◆ **INSTRUCTIONS TO FOLLOW**:
Type the data below again exactly. Omit all pictures.

◆ **COLLECTED DATA**:
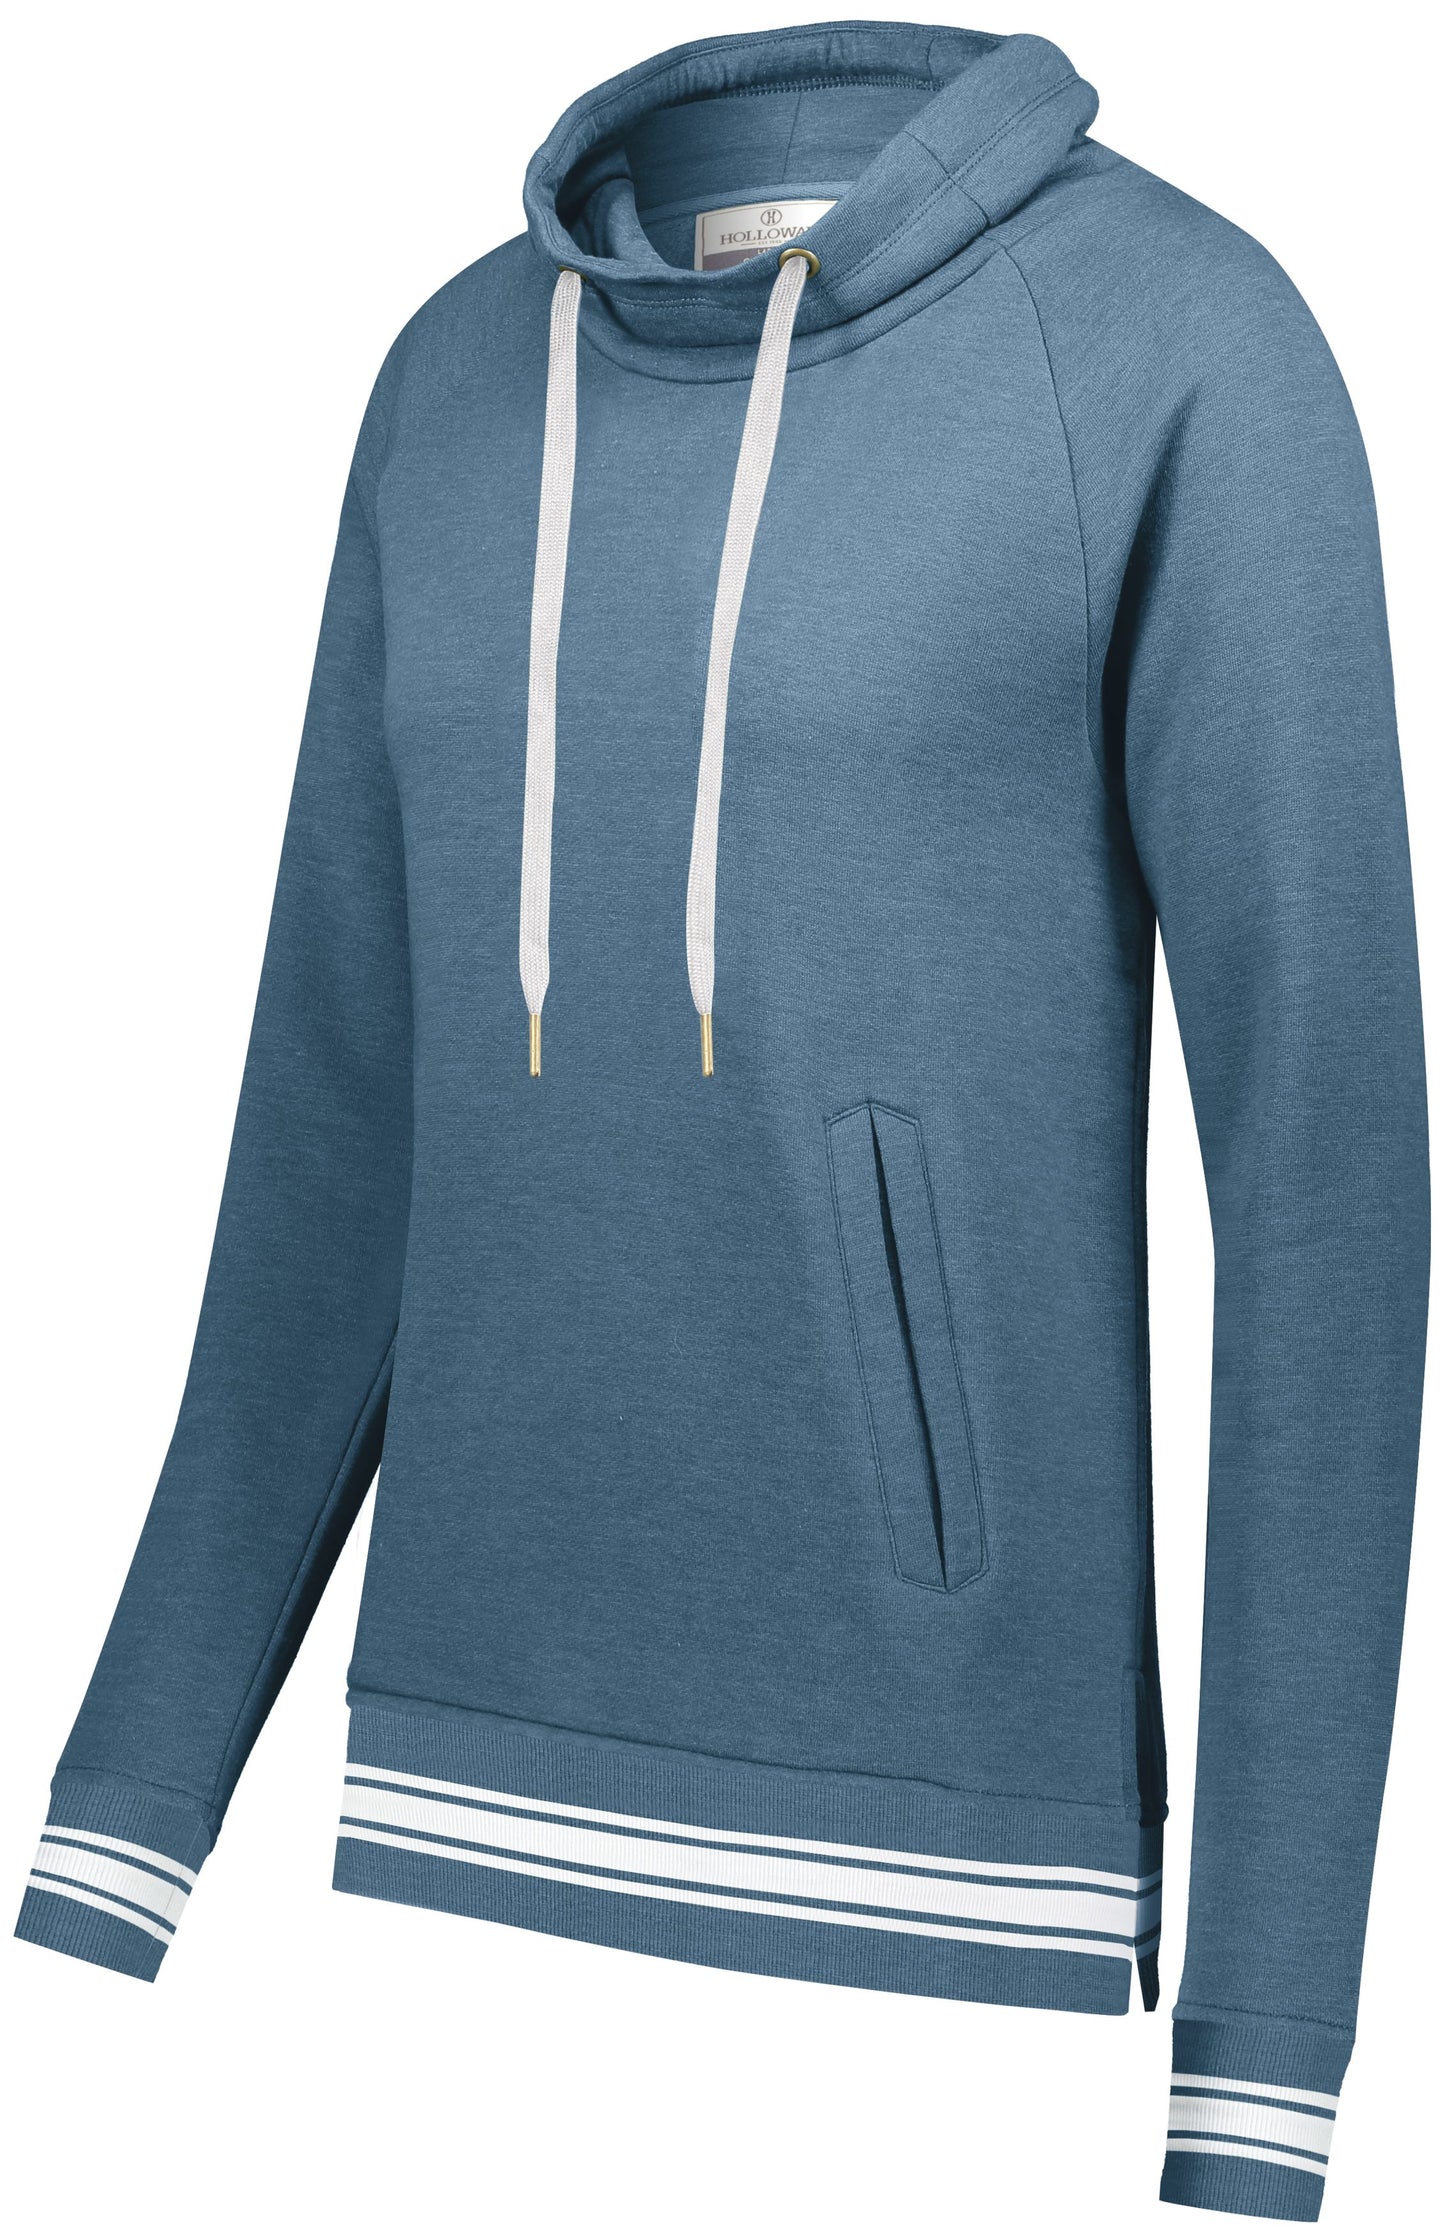 HOLLOWAY - LADIES IVY LEAGUE FUNNEL NECK PULLOVER
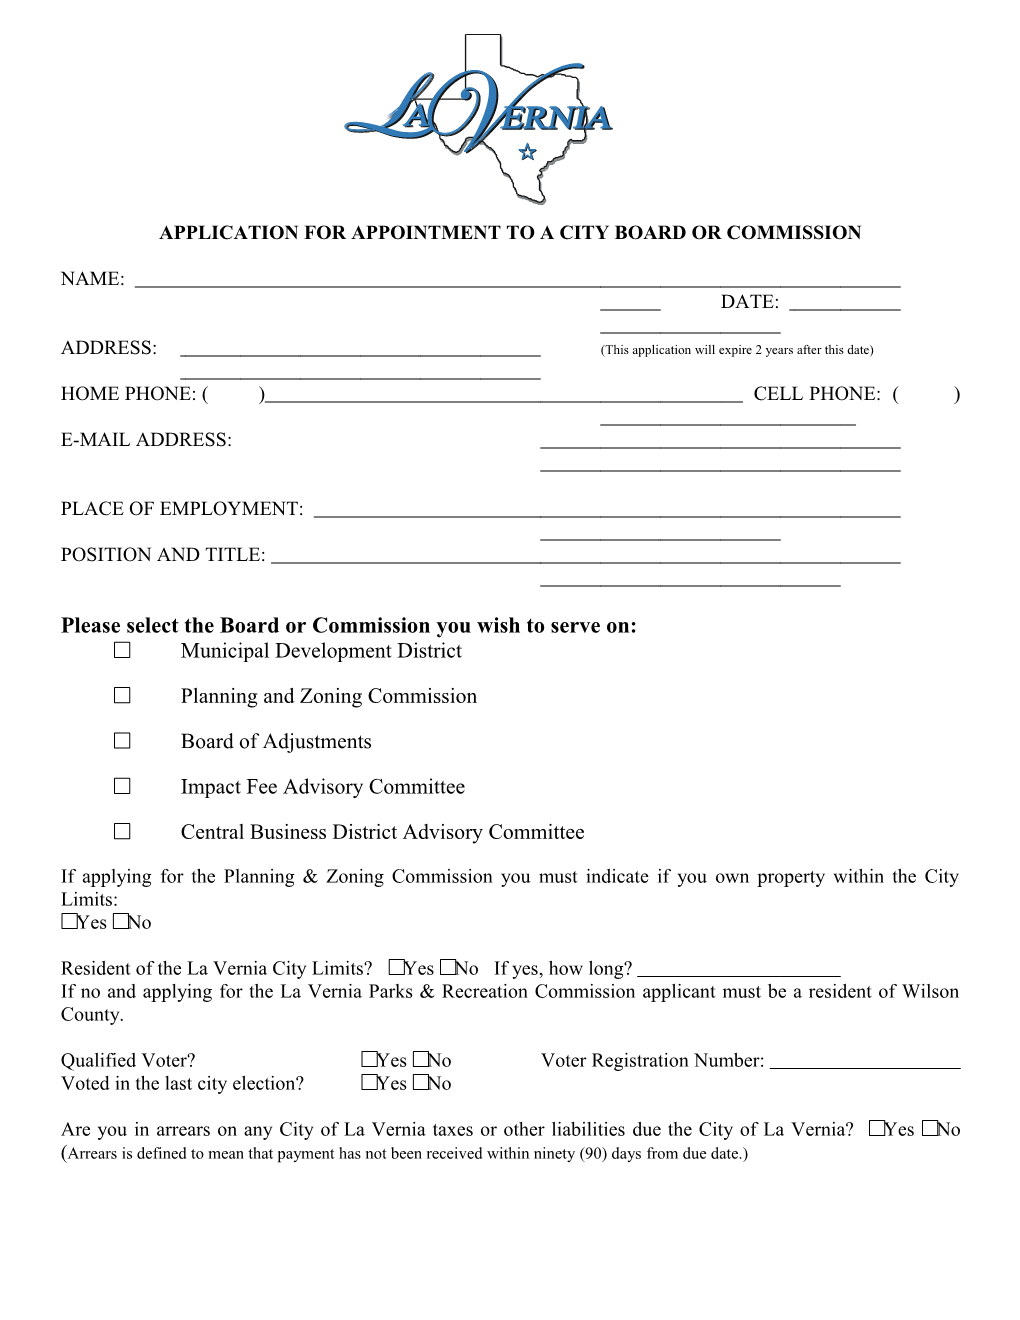 Application for Appointment to a City Board Or Commission
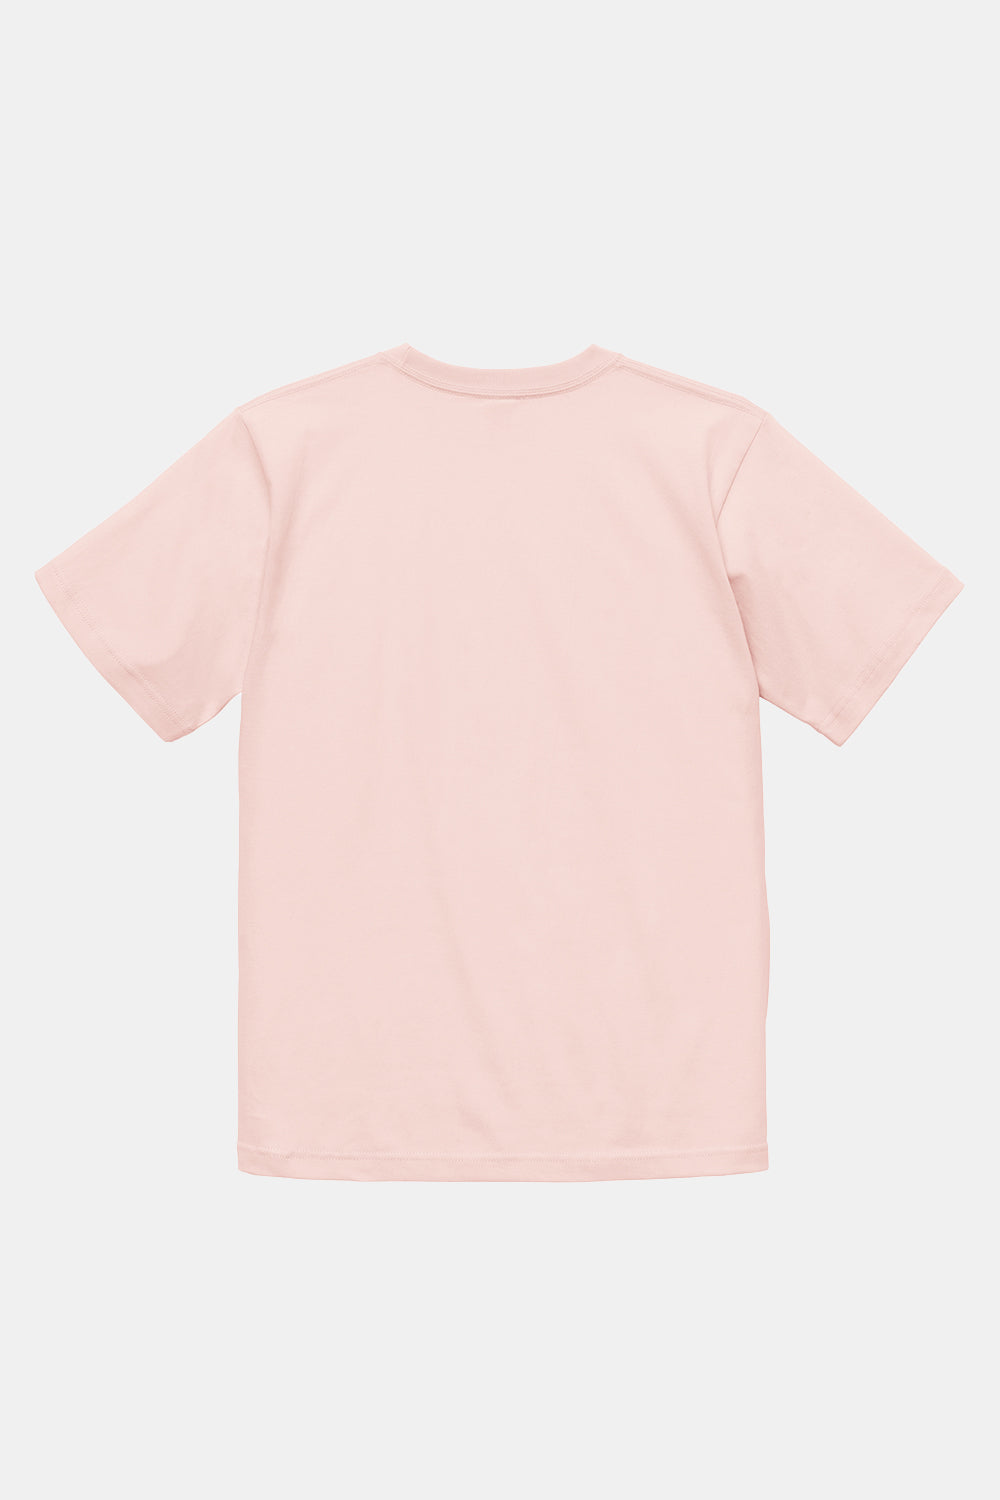 United Athle 5942 Classic Heavyweight 6.2oz T-shirt (Baby Pink)

◆ **EXERCISE OUTPUT**:
 HOLLOWAY - LADIES IVY LEAGUE FUNNEL NECK PULLOVER
 Application for Appointment to a City Board Or Commission
 United Athle 5942 Classic Heavyweight 6.2oz T-shirt (Baby Pink)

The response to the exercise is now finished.